M. blieb in muizenberg, wo sie die morgenstunden vor der uni mit surfen verbrachte.

heute waren wir entspannt im District 6 musuem. das ist ein bezirk, der 1966 im zuge der apartheid nahezu komplett dem erdboden gleich gemacht wurde. dort lebten schwarze&coloureds und weiße gemeinsam. mit der entscheidung, dass der bezirk nur noch für weiße sei, wurde die gemeinschaft aufgelöst. angeblich aus stadtplanungsgründen und unter berufung auf le corbusier.

morgen tafelberg und dann nach stellenbosch zu M., die dort studiert!

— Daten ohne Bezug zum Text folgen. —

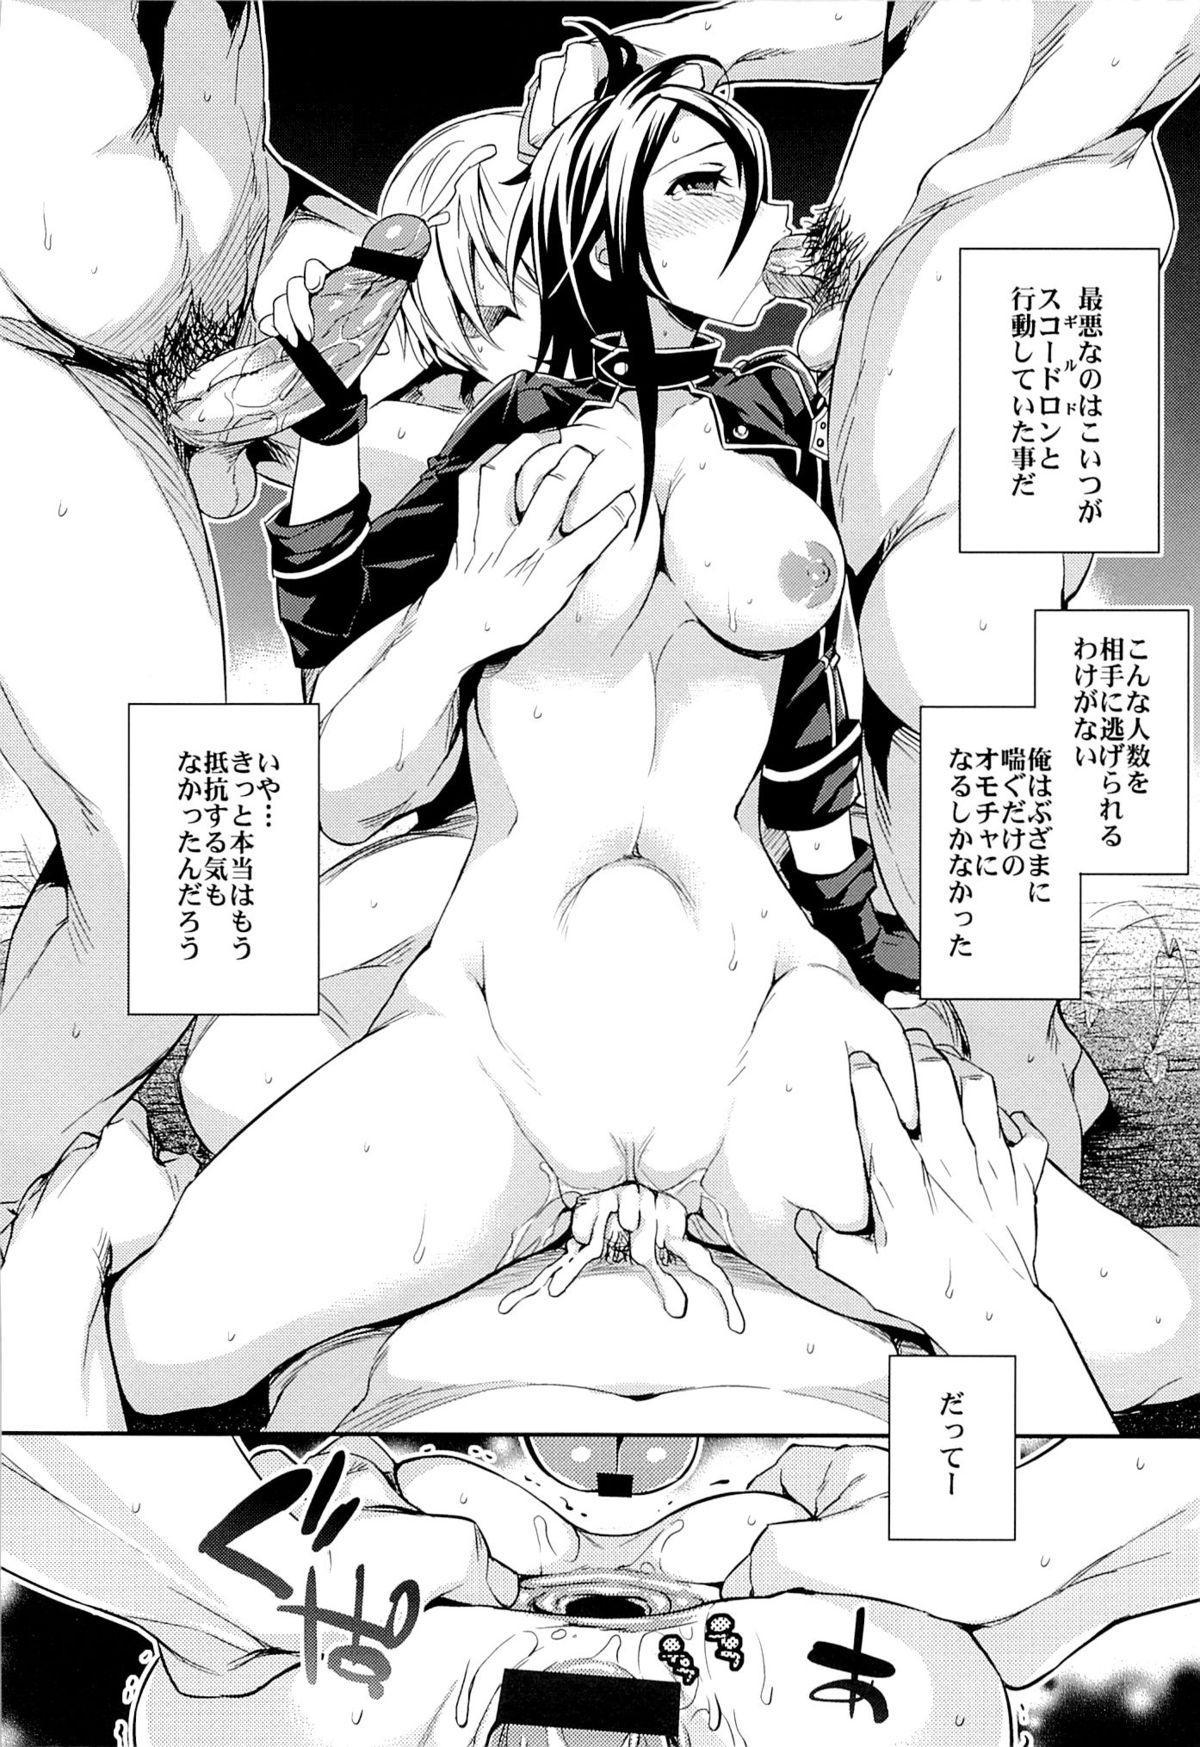 (SC65) [Crazy9 (Ichitaka)] C9-14 TS~Kirito-chan no Avatar wa Random Nyotai (Sword Art Online) 11

Weintour ahoi…

kapstadt

2. März 2013

die sonne brennt, der wind windet, entspannt schlenden wir duch die stadt… von stress kaum eine spur.

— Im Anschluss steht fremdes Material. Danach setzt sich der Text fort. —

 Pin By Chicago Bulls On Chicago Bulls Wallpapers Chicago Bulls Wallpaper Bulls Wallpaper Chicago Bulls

hier ist alles ein bisschen langsamer und das passt hervorragend in unsere nicht-planungs-anfangsphase.
das green elephant hostel im stadtteil observatory sei hiermit allen empfohlen. herzlicher empfang gepaart mit sauberen räumlichkeiten und zum zeit verplempern einladenen terrassen. und nicht zuletzt voll öko.
gestern wagten wir uns in eins der lokalen mini-bus-taxis und ähnlich wie in guatemala wurde so viel reingequetscht wie nur ging. is egal, billig und voll das erlebnis – sagen die einen. was? erst 2 tage hier und ihr traut euch schon in den minibus? – sagen die anderen. alternativ zu diesem eher unkontrollierbaren öffentlichen nahverkehr gibt es noch die züge. wie selbstverständlich nahmen wir die, wurden aber gleich komisch angeguckt und auch die gelten als zu gefährlich. gespürt haben wir davon nix. wir sind ja auch schon schwer erprobte kämpfer_innen touris. das thema gefahr ist hier allgegenwärtig, aber bis jetzt nur in gesprächen zwischen den reisenden. toitoitoi

kapstadts innenstadt ist nicht sehr atemberaubend – hochhäuser im hässlichen braun. aber die berge im hintergrund machen ordentlich was her. weil wir brave touris sind, zog es uns zur allseits bekannten V&A Waterfront – der hafen – aufgemotzt mit fancy restaurants und shopping optionen. die typischen yacht-inhaber: zu nobel für uns.
abends kam der anlass unserer reise zu uns nach observatory: M., die hier um die ecke in stellenbosch studiert. nach leckerem essen und viel gequatsche musste auch sie noch eine hausarbeit vervollständigen. das ist wohl grad modern.

zum heutigen frühstück begaben wir uns in den bezirk Woodstock. er liegt näher am stadtzentrum. auf dem weg dahin liefen wir durch ein ärmeres viertel, die armut hatte ein so plötzliches ende, dass die weisheit des Old Biscuit Market uns fast schon blendete.

handyschnappschuss:
old biscuit market

in marktähnlichem arrangement wurde essen aus der ganzen welt geboten, allerdings zu preisen, die für hier hoch sind. dazu gab es im flohmarktschick klamotten- & kunststände, an denen jedoch ohne probleme mit kreditkarte gezahlt werden konnte. vor den toren saßen bettler_innen mit säuglingen oder kinder, die allein bettelten. gentrification at its best?

um weiterhin in unserer priviligierten blase zu verbleiben, fuhren wir ins convention centre um die aktuelle design expo anzuschaun. leider bot sie null graphic design, dafür endlose schmuckausstellungen, mode-shows und sonstige sinnlosigkeiten.
inzwischen sind wir zurück im himmlischen hostel, kochen gleich mit M., T. (noch son deutscher) und natürlich Gustav.

und nochmal im klartext: uns gehts gut! es ist schön hier!